Image processing techniques are used in agriculture to detect diseased leaf, stem, and fruit, to quantify the affected area by disease, to estimate or evaluate the productivity, among others, to find the shape of the affected area, to count or calculate the number of fruits entering in a sorting machine, to determine the color of the disease affected area, and to determine the size and shape of fruits.
2. Vision Systems for Fruit and Vegetable Classification
Video streaming and image processing are useful tasks in classification systems. However, these tasks are computationally expensive in terms of time and computational resources. Video streaming provides information about the environment or gives useful visual features in visual quality inspection. Image processing techniques use these visual features as input to classification or clustering algorithms. Many IoT applications, such as surveillance video, healthcare, face recognition, human activities understanding, and farming, use video sensors
[13][14]. Some approaches use low-cost and low-power machine vision systems
[13]. However, most of these embedded video processing platforms exhibit low performance in real-time classification tasks due to their low computational power and bandwidth. In this case, GPU-based or FPGA-based approaches are suitable.
Machine vision-based fruit sorting systems are capable of replacing labor work for the inspection of fruit size. Seema et al.
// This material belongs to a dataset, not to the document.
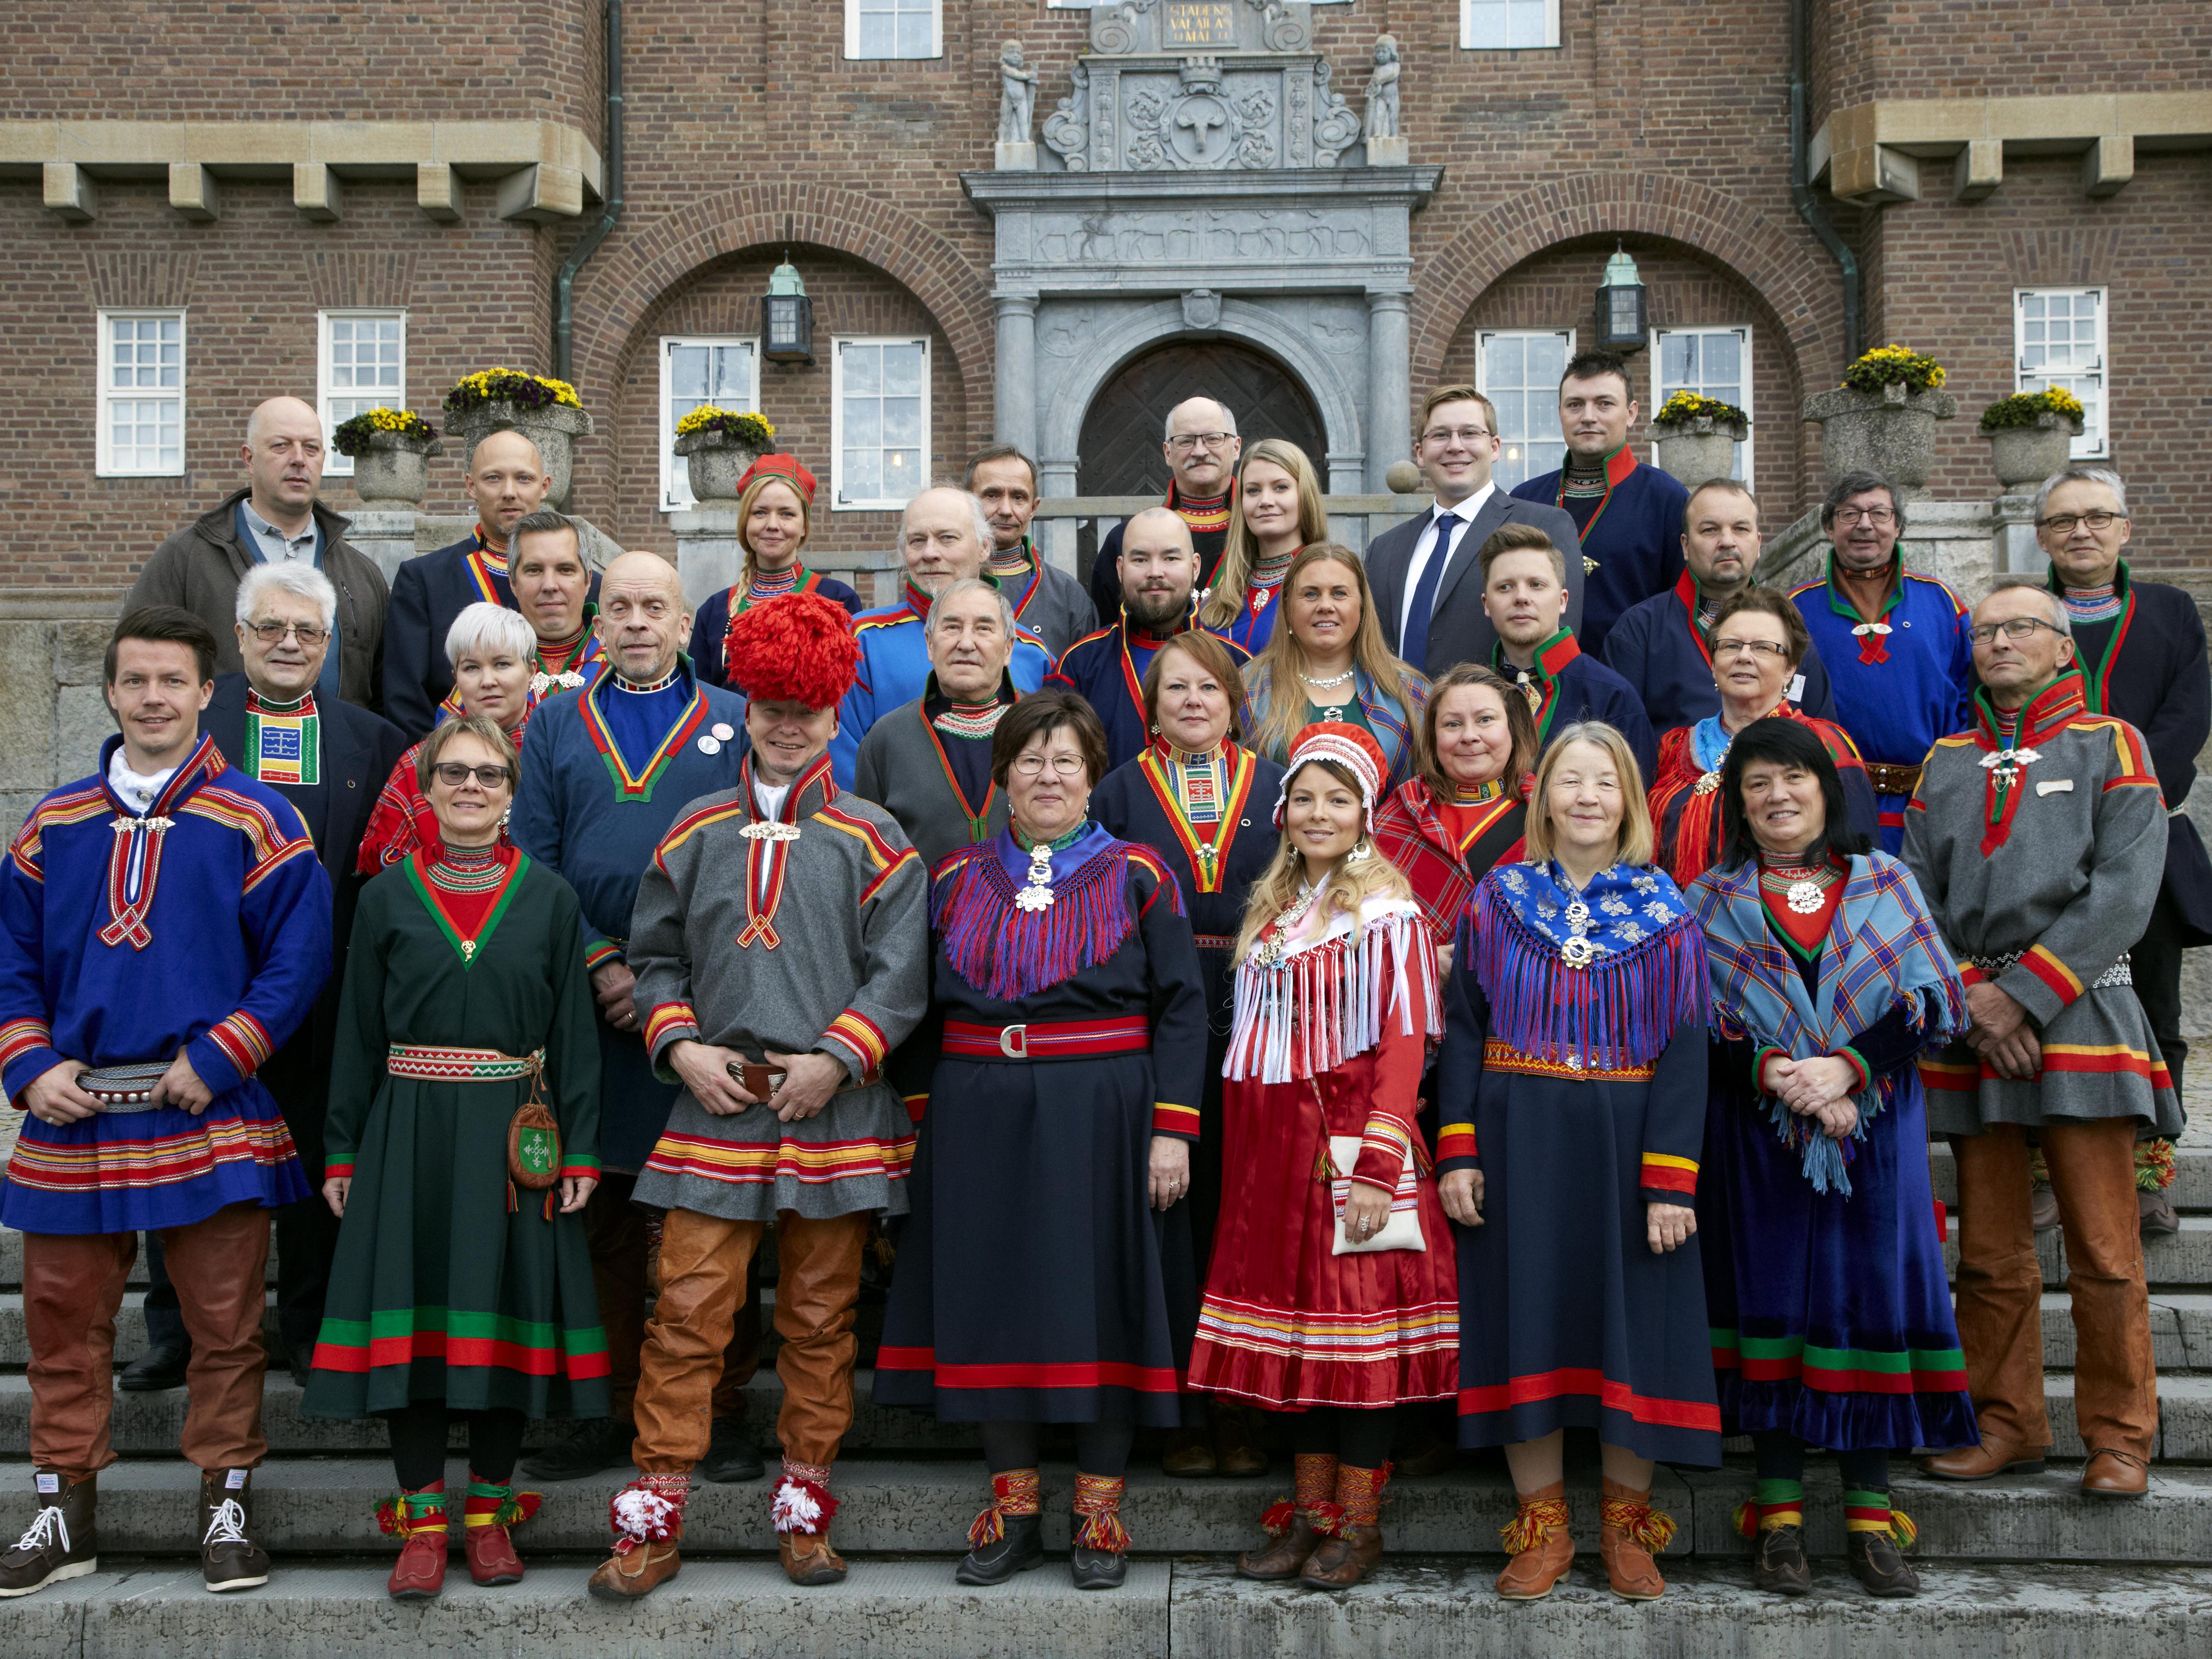 En samlad same- och urfolkspolitik – en utmanande möjlighet för Sverige år 2018?

[15] reviewed fruit grading and classification systems. The authors summarize the most used features to identify the degree of rotting and ripening, the kind of fruits, and the machine-learning (ML) models used by the reviewed algorithms. They found two approaches: the first is multiple fruit identification systems focused on fruit differentiation, but the fruit quality is discarded. The training of these systems requires thousands of images of a series of different fruits. The second one, the specific fruit classification system, uses large image sets of a single fruit type to train and test the sorter. Although the first approach is more general, the second one is more suitable for single-type fruit sorting machines.
Concerning multiple fruit recognition approaches, Blasco et al. in 2003
[7] proposed a system to estimate the quality of oranges, peaches, and apples using four attributes: size, color, stem location, and detection of external blemishes. The proposed segmentation is based on Bayesian discriminant analysis, performing the correlation of fruit color using the colorimetric index values. The authors tested the classification system with apples, obtaining a blemish detection accuracy of 86% and size accuracy of 93%. Seng and Mirisaee
[16] proposed an image retrieval method that combines classification models obtained from three features: color-based, shape-based, and size-based features to increase the accuracy of recognition. The proposed system uses the nearest neighbors classification to recognize 15 different fruits from their feature values, obtaining an accuracy of 90%. Jana et al.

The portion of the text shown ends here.